St. Mark’s Presbyterian Church
The Rev. Bart Smith
The Fifth Sunday in Lent (March 18, 2018)
Jeremiah 31:31-34 – Relational, Radical, Relentless
The time is coming, declares the [Sovereign One] when I will make a new covenant with the people of Israel and Judah. It won’t be like the covenant I made with their ancestors when I took them by the hand to lead them out of the land of Egypt. They broke that covenant with me even though I was their [spouse], declares [the Sovereign One]. No, this is the covenant that I will make with the people of Israel after that time, declares the [Sovereign One]. I will put my Instructions [Law/Torah] within them and engrave them on their hearts. I will be their God, and they will be my people. They will no longer need to teach each other to say, “Know [God]!” because they will all know me, from the least of them to the greatest, declares the [Sovereign One]; for I will forgive their wrongdoing and never again remember their sins.
It’s hard to make it through the forty days of Lent without broaching the topic of forgiveness. It’s one of those unavoidable Lenten themes. And it’s unavoidable if we’re paying attention to the words of the prophet, especially that last verse: “for I will forgive their wrongdoing and never again remember their sins.” Jeremiah can teach us three things about the kind of forgiveness God offers Israel and Judah. And we can learn something about the nature of forgiveness itself, the forgiveness we’re called to practice.
God’s forgiveness is relational, radical, and relentless.
1. God’s forgiveness is relational.
I heard a story recently of a parochial school. The priest at the school felt the boys weren’t being sincere when they went to confession. So he went from class to class to teach them about the Sacrament of Penance. The priest asked the students to make lists of their specific sins and bring the lists with them to confession so they’d be better prepared.
One boy was in the confessional and started to catalogue his sins with sincere contrition. “I pulled my sisters hair,” he began, remorsefully. “I cheated on my last science quiz.
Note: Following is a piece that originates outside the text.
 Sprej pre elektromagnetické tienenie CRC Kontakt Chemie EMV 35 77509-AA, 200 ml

I lied to my dad about the… Wait a minute! This isn’t my list.”
We’re used to thinking of forgiveness in transactional terms because we think of sin as a heavenly rap sheet of sorts: “I’m guilty of this,” or “I’m not guilty of that.” We think of specific wrongdoings, certain acts as being in a state of either forgiven or unforgiven. But I think it’s helpful to think of sin in terms of the brokenness inherent in the web of relationships we’re all a part of. Whether we admit it or not, we are inextricably tied together with God and neighbor and there are things we do or don’t do that tear at those relationships.
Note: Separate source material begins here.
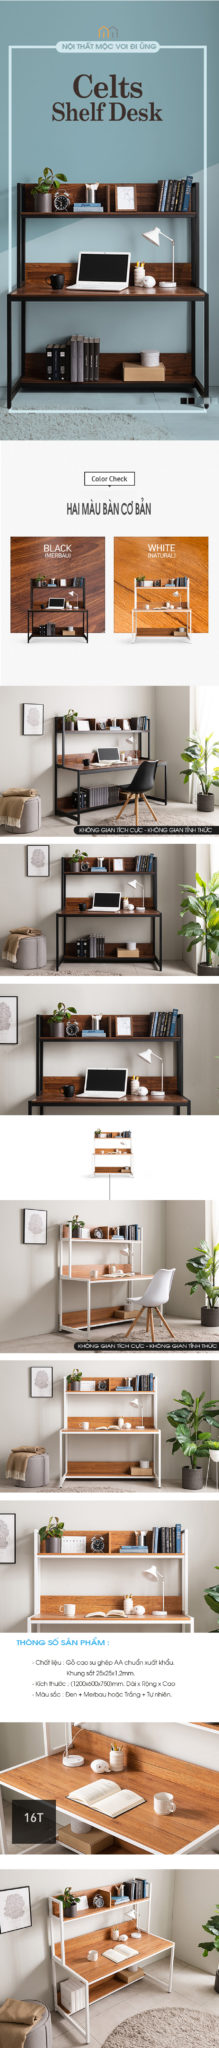 Bàn làm việc liền kệ, nội thất không thể thiếu ở văn phòng.

Did you catch the marriage reference in the Jeremiah reading? “They broke that covenant with me even though I was their [spouse], declares the [Sovereign One].” The Bible employs the metaphor of husband and wife for God’s relationship with Israel a lot. It uses other family images, too: mother of the children, or father of the house, or in some pretty unseemly verses, adulterous wife and husband.[I translated it as “spouse” in the version I just read because that language functions in some problematic ways for women, but I won’t go down that road today… ]
Some verses in the Hebrew Bible speak of God’s relationship with Israel in terms of divorce, too. When you have some time, read the prophet Hosea. The language in that book is extreme! And here in Jeremiah, this language the prophet uses of knowing, as in “Know God,” has marital undertones. It’s like that expression, “to know in the Biblical sense.”
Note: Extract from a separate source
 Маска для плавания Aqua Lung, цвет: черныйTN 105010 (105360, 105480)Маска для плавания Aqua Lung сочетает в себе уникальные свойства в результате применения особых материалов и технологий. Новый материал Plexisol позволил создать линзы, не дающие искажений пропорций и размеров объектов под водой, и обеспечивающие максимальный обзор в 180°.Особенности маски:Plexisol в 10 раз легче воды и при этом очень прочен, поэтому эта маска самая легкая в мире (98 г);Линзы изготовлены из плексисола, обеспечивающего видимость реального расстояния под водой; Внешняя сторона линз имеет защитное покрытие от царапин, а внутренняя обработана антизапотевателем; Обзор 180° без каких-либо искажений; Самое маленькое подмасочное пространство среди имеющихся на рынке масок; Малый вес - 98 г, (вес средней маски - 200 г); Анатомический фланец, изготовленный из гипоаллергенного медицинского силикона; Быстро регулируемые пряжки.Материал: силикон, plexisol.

I think the reason the Biblical writers speak about God in this way is because God is intimately, passionately invested in and affected by how we live together in human community. And our Creator is in relationship with all that she has made, so when we are in this state of brokenness with others and within ourselves, God seeks to forgive in order to repair those bonds. Forgiveness isn’t abstract, it’s relational.
2. God’s forgiveness is radical.
Forgiveness isn’t ordinary, by any stretch of the imagination, although it may occur in ordinary life.
Have you heard that old saying, “To err is human, to forgive divine”? It’s true. Forgiveness doesn’t come naturally to us; that’s why we have to practice it and cultivate an attitude of it. And that’s why, when it’s really hard to forgive, we have to draw upon a strength far outside ourselves. Think of stories you’ve heard of individual people or entire communities who forgive when something awful and tragic has happened, how astonishing it to hear that someone has forgiven a great evil. The first examples that come my mind are the Amish village in Pennsylvania and the families of the victims of the Mother Emanuel church massacre in Charleston who forgave the attackers. It strikes us as unbelievable and uncommon because it is. That’s the nature of forgiveness.
Ever since the Exodus days, God’s people have broken God’s heart. They worshipped other gods, making cheap idols in place of the Holy One. They refused to practice justice and righteousness among themselves. They trampled on the backs of the vulnerable. If God and Israel were indeed in a relationship, as a friend, I would advise God to break it off! But God won’t abandon God’s people after hundreds and hundreds of year of disappointment.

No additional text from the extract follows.